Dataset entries
————————
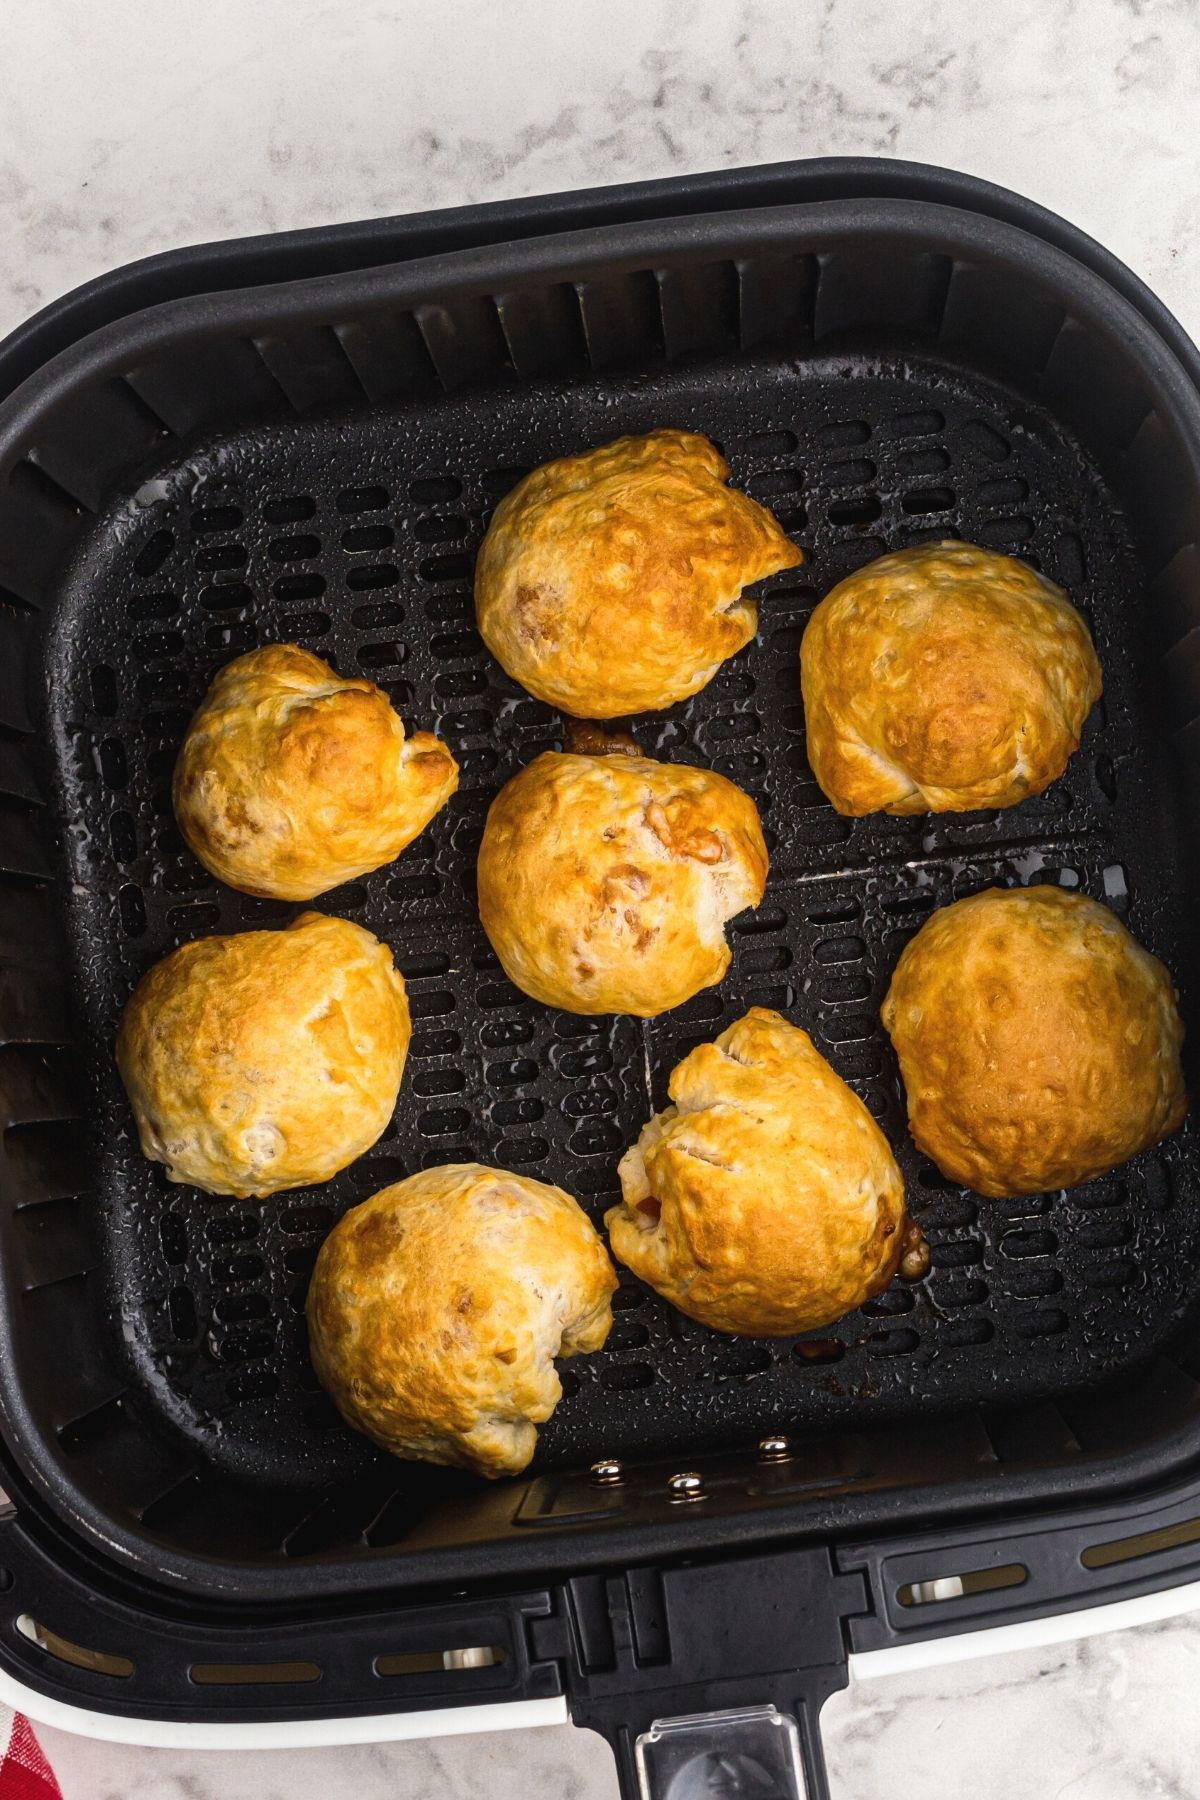 Golden biscuits filled with pizza toppings and cooked in the air fryer basket
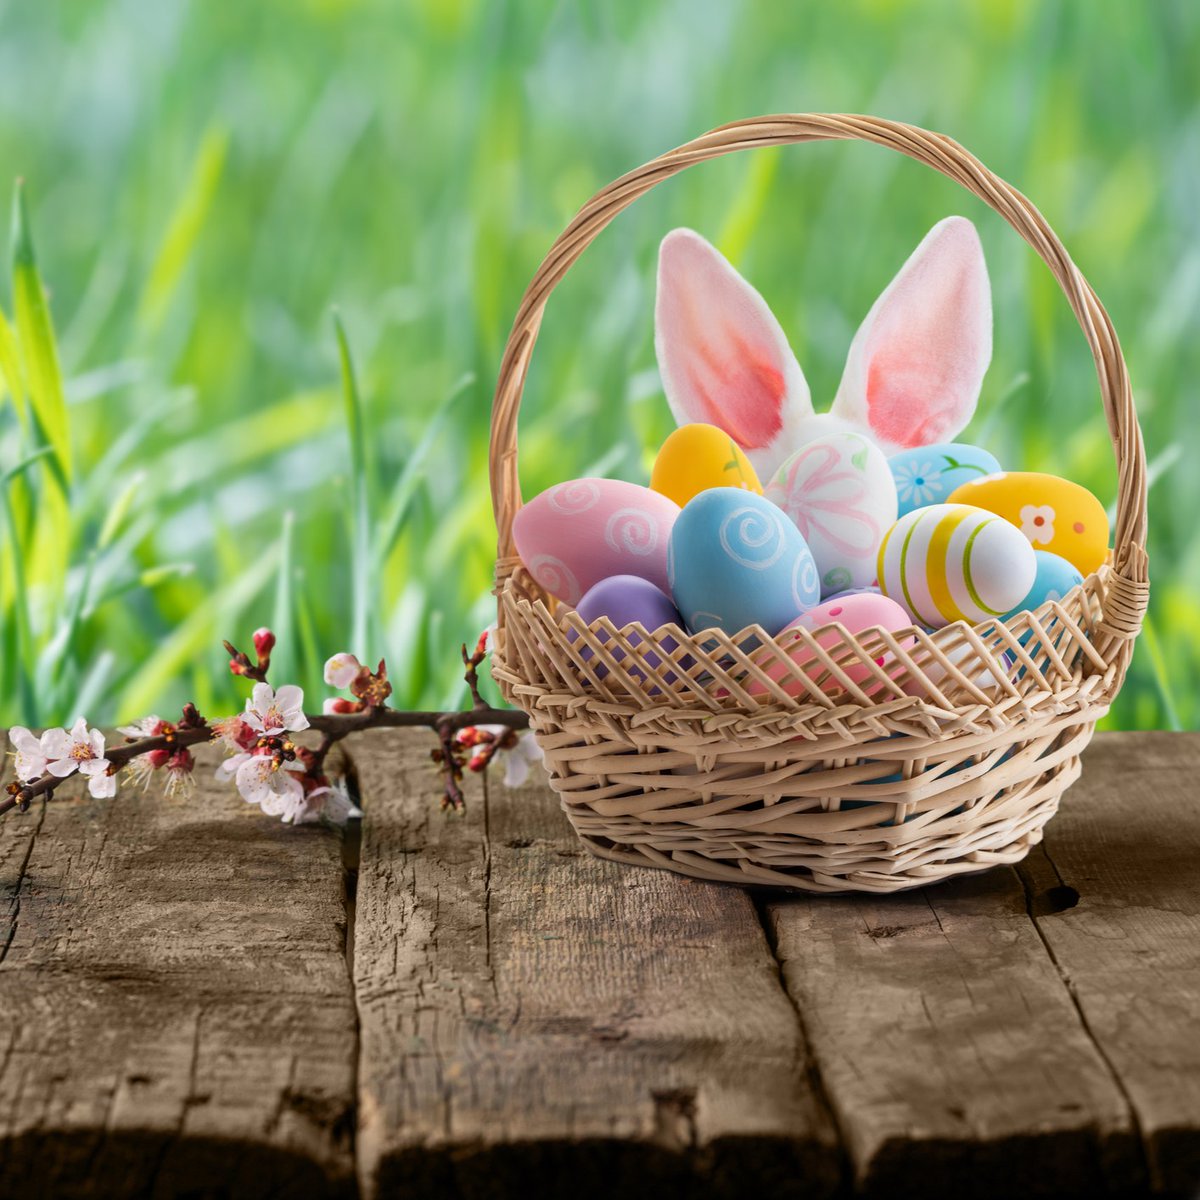 Happy Easter to all who celebrate! May your day be filled with joy.
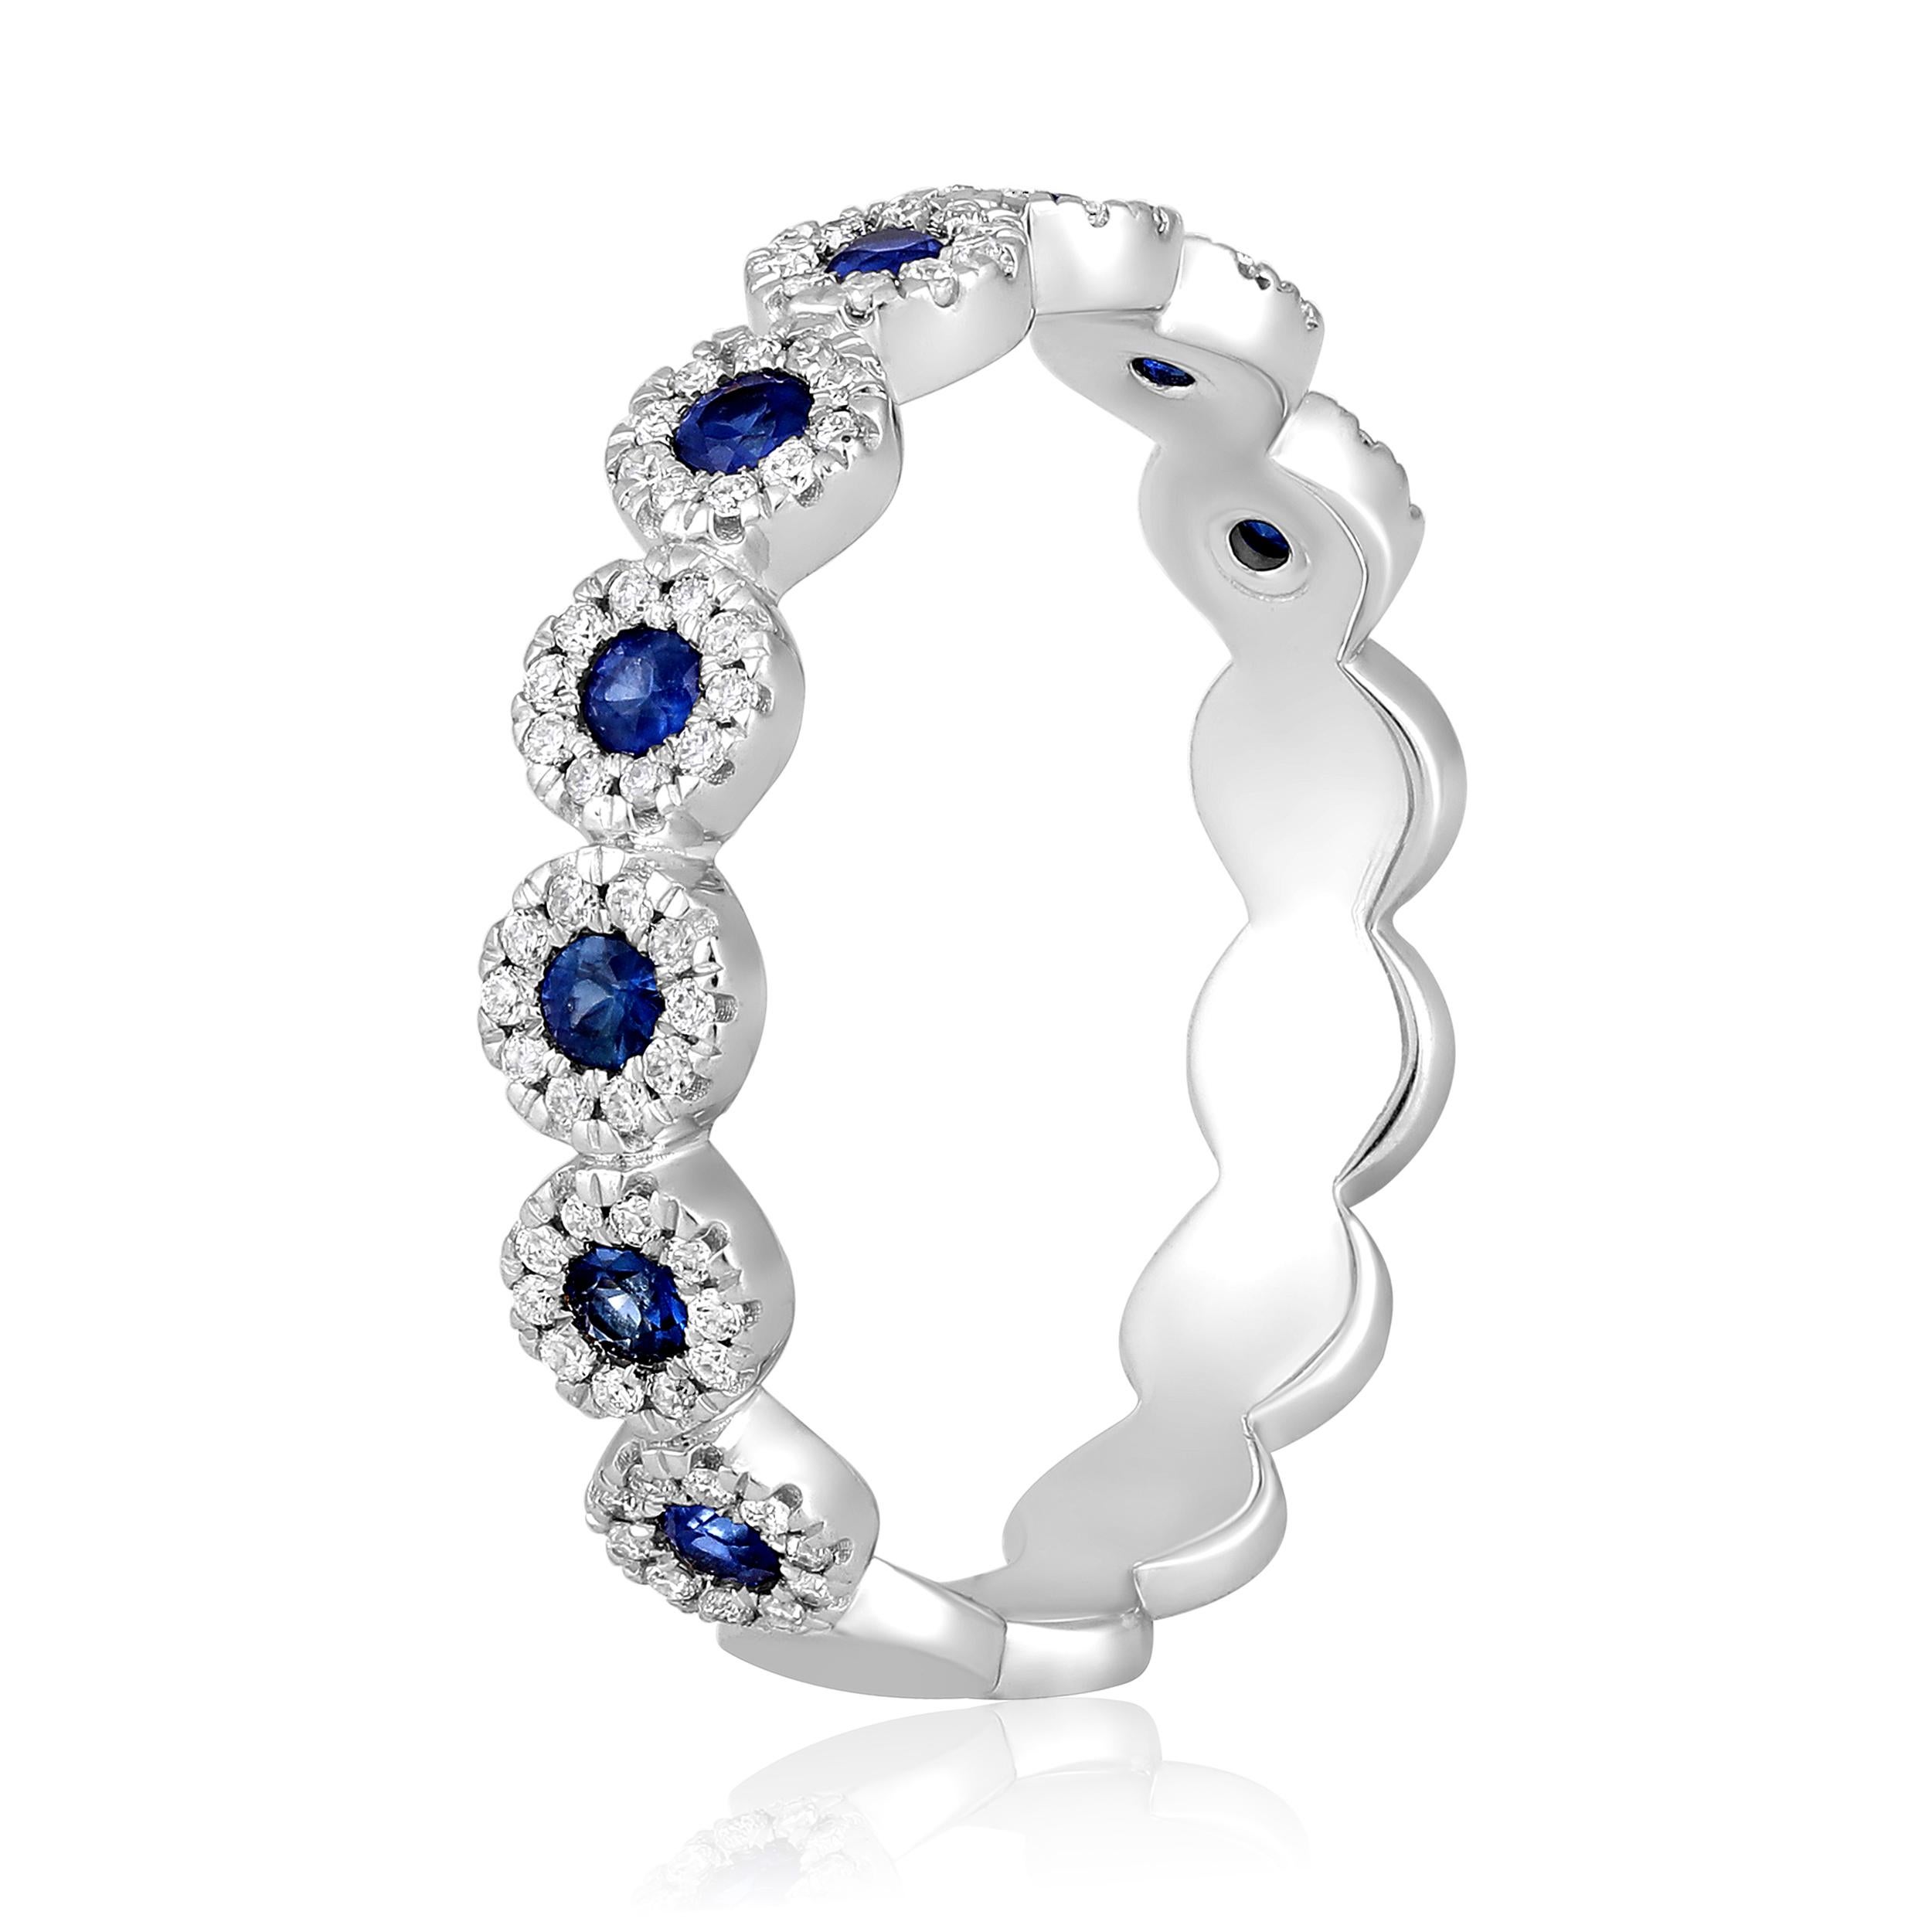 Ring Size: US 7

Crafted in 2.61 grams of 14K White Gold, the ring contains 90 stones of Round Natural Diamonds with a total of 0.17 carat in G-H color and I1-I2 clarity combined with 9 stones of Round Shaped Natural Sapphire Gemstones with a total
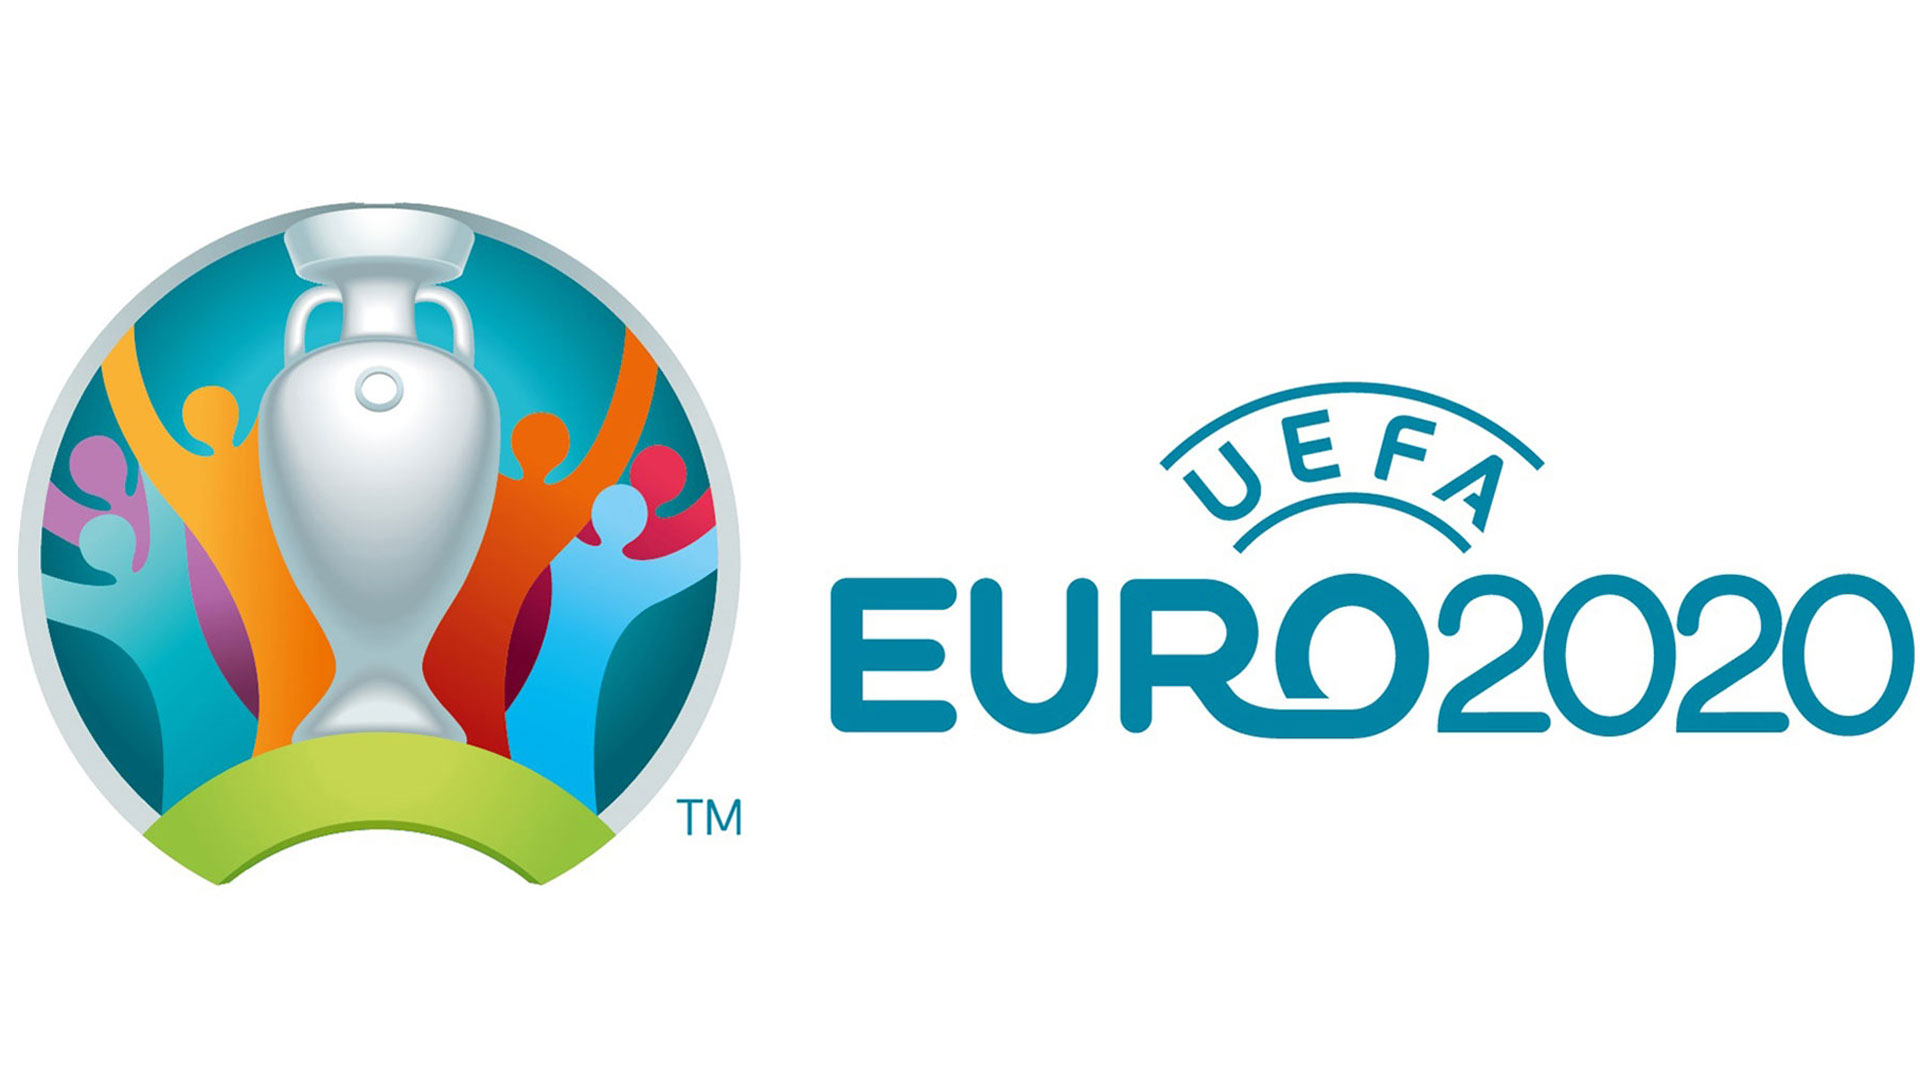 Germany, the Netherlands, Austria and Croatia have qualified for the 2020 European Championship
————————
_Task objective_
Please output all of the entries exactly as they appear, with no pictures.

_Finished exercise_
 Golden biscuits filled with pizza toppings and cooked in the air fryer basket
 Happy Easter to all who celebrate! May your day be filled with joy.
 Ring Size: US 7

Crafted in 2.61 grams of 14K White Gold, the ring contains 90 stones of Round Natural Diamonds with a total of 0.17 carat in G-H color and I1-I2 clarity combined with 9 stones of Round Shaped Natural Sapphire Gemstones with a total
 Germany, the Netherlands, Austria and Croatia have qualified for the 2020 European Championship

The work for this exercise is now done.